Our understanding of male fertility has increased dramatically over the past several decades, in large part because of advances in technology and the ability to rapidly analyze large quantities of high-resolution genetic data. These research efforts have led to an understanding of some of the genes involved in male fertility and have enabled us to test for defects in these genes that result in infertility in men. However, our understanding of male fertility remains far from comprehensive, and many genes involved in male fertility likely remain to be identified and their mechanisms of action elucidated. This can only be accomplished through continued, persistent investigations using cutting-edge technologies. In this review, we discuss the history of genetic testing and how it applies to male fertility, from the identification of the sex chromosomes at the turn of the century to classification of single-nucleotide polymorphisms that may result in infertility and are the crux of modern genetic analysis.
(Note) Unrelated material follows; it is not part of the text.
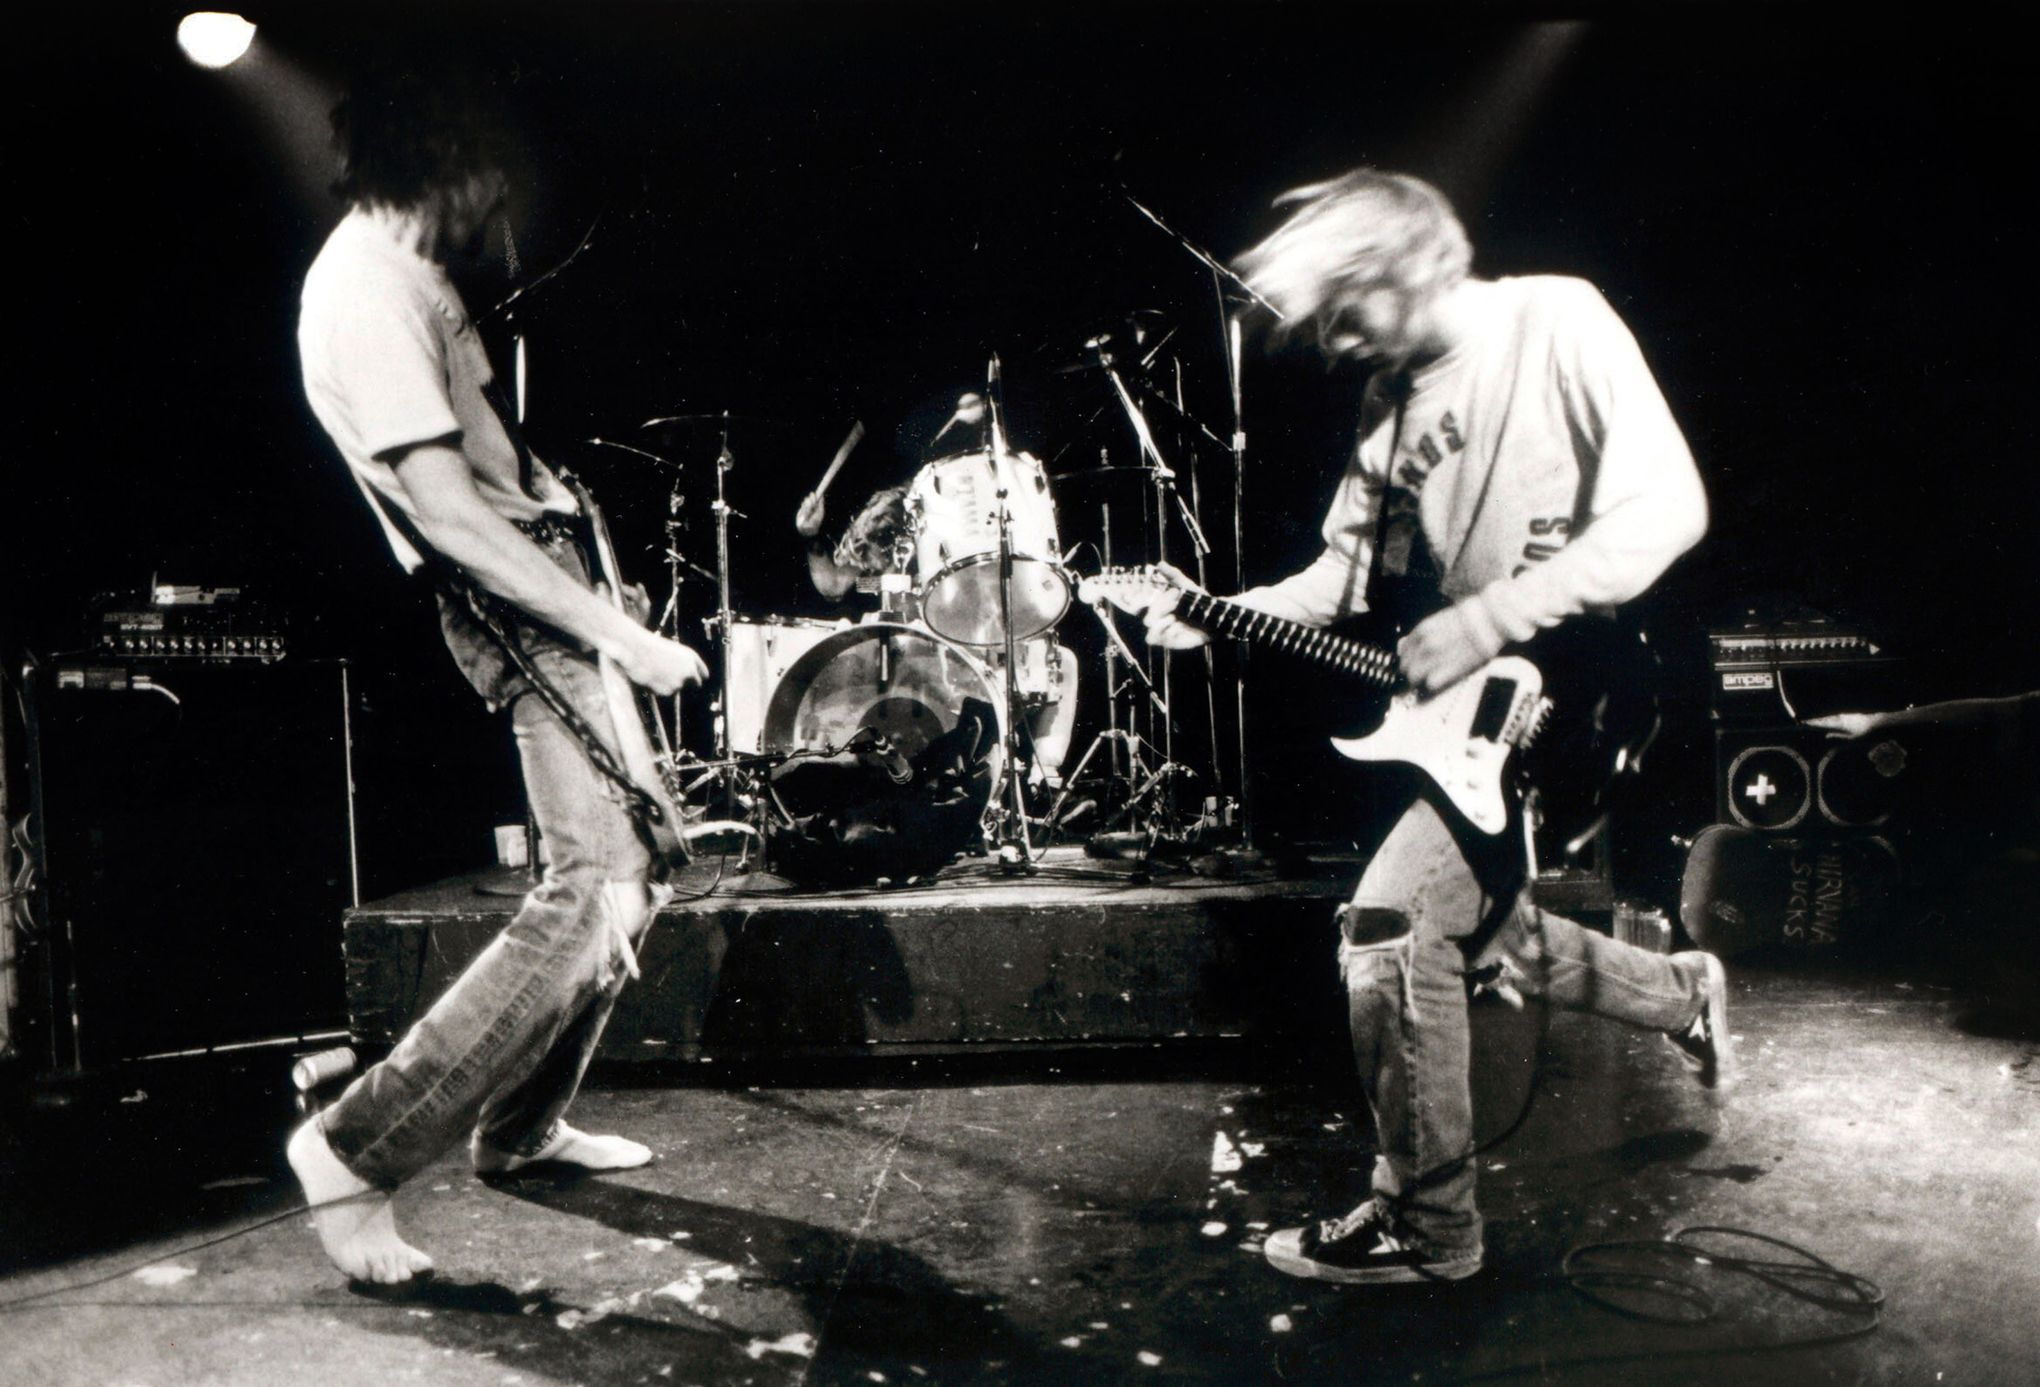 Kurt Cobain aurait eu 50 ans : les dix meilleures reprises de Nirvana depuis sa mort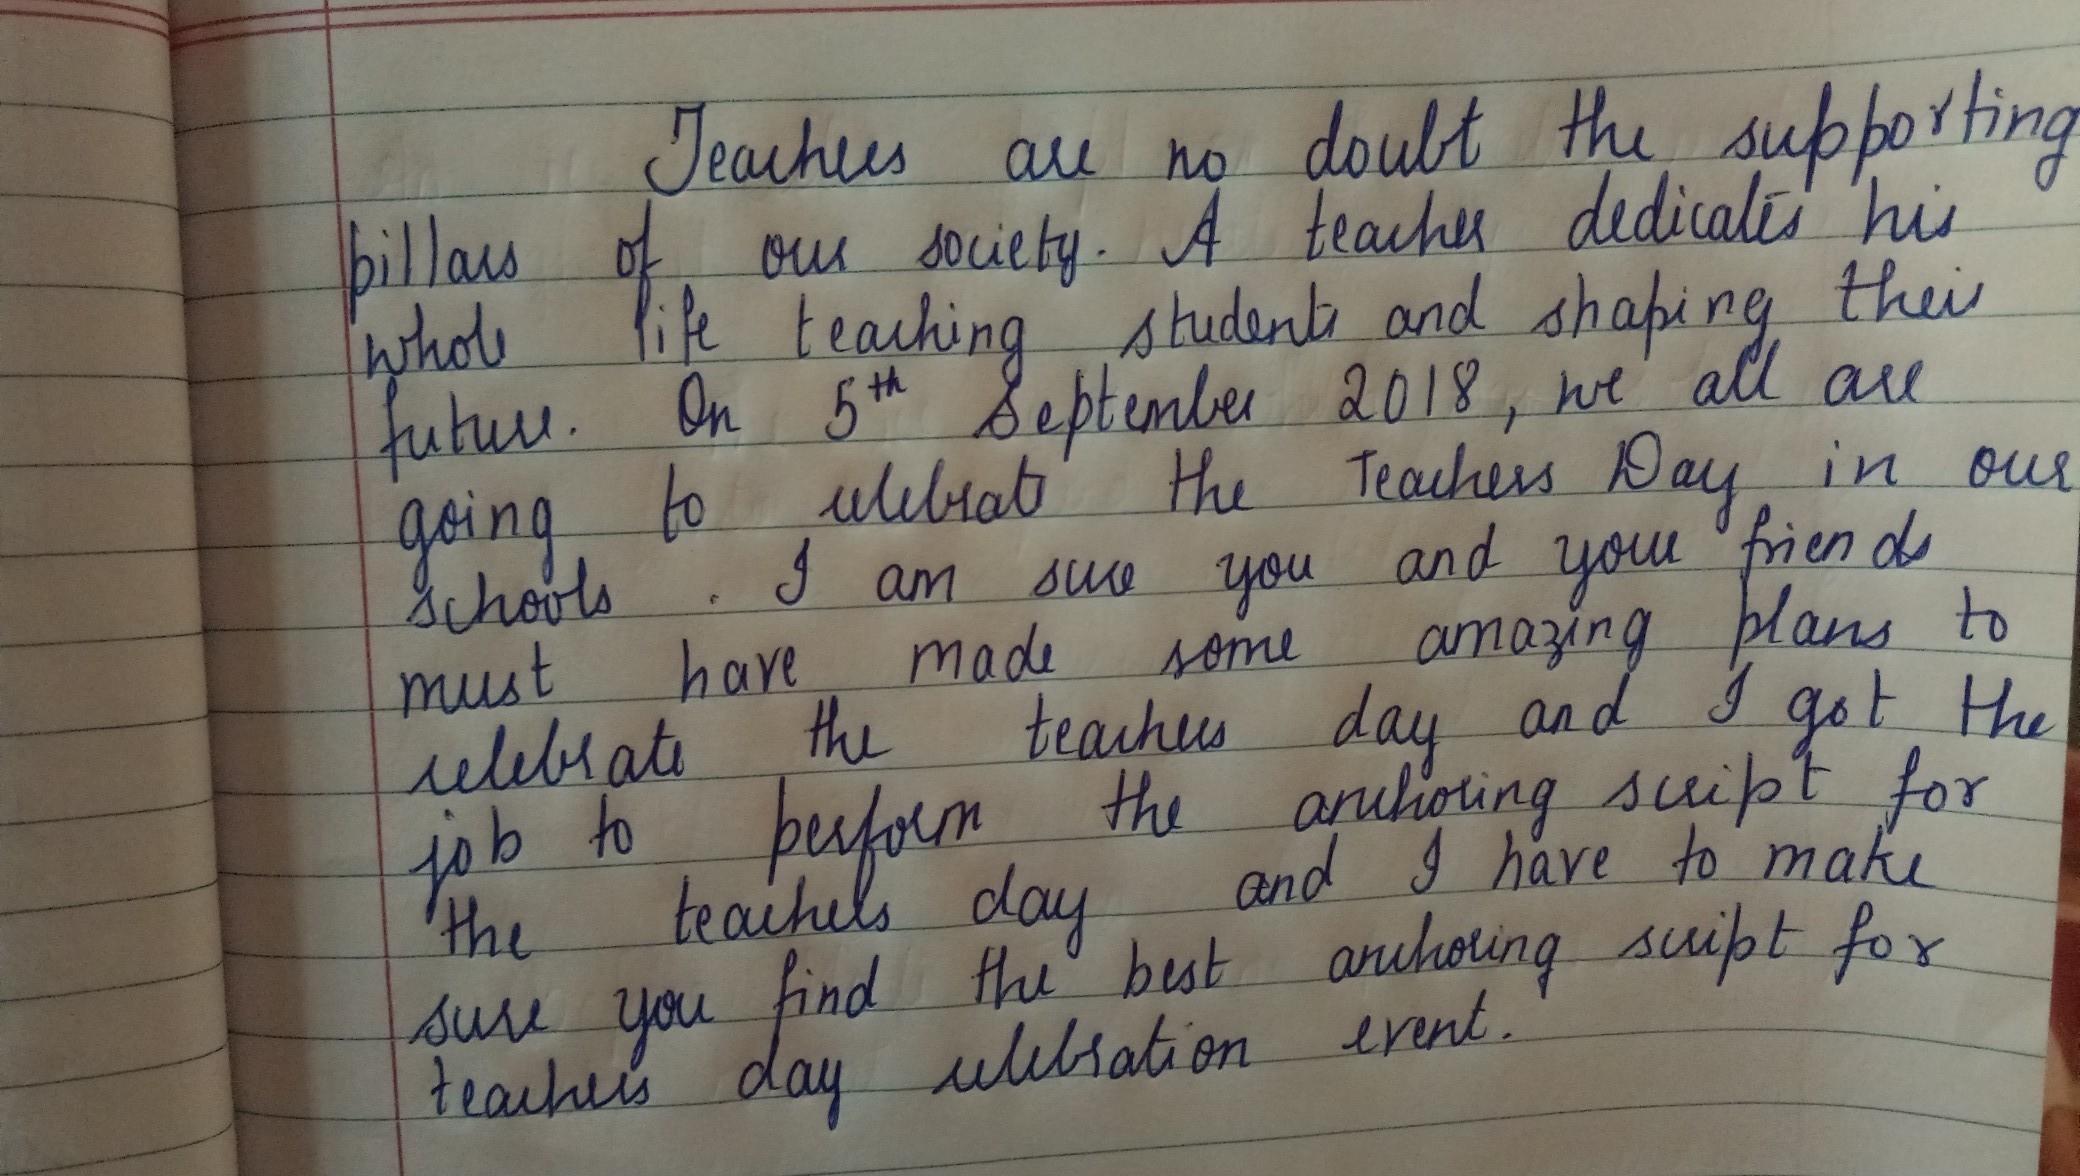 anchoring teachers day programme

We discuss the genetic testing methodologies traditionally used for genetic assessment of infertile males, including karyotype analysis, sperm fluorescence in situ hybridization, and polymerase chain reaction-based testing for Y chromosomal evaluation, as well as cutting-edge genetic testing methodologies using microarrays and whole-genome sequencing, permitting analysis at a nucleotide-level resolution. Finally, we describe our vision of the future of genetic testing in the setting of male infertility, culminating in truly personalized medicine for each affected infertile male.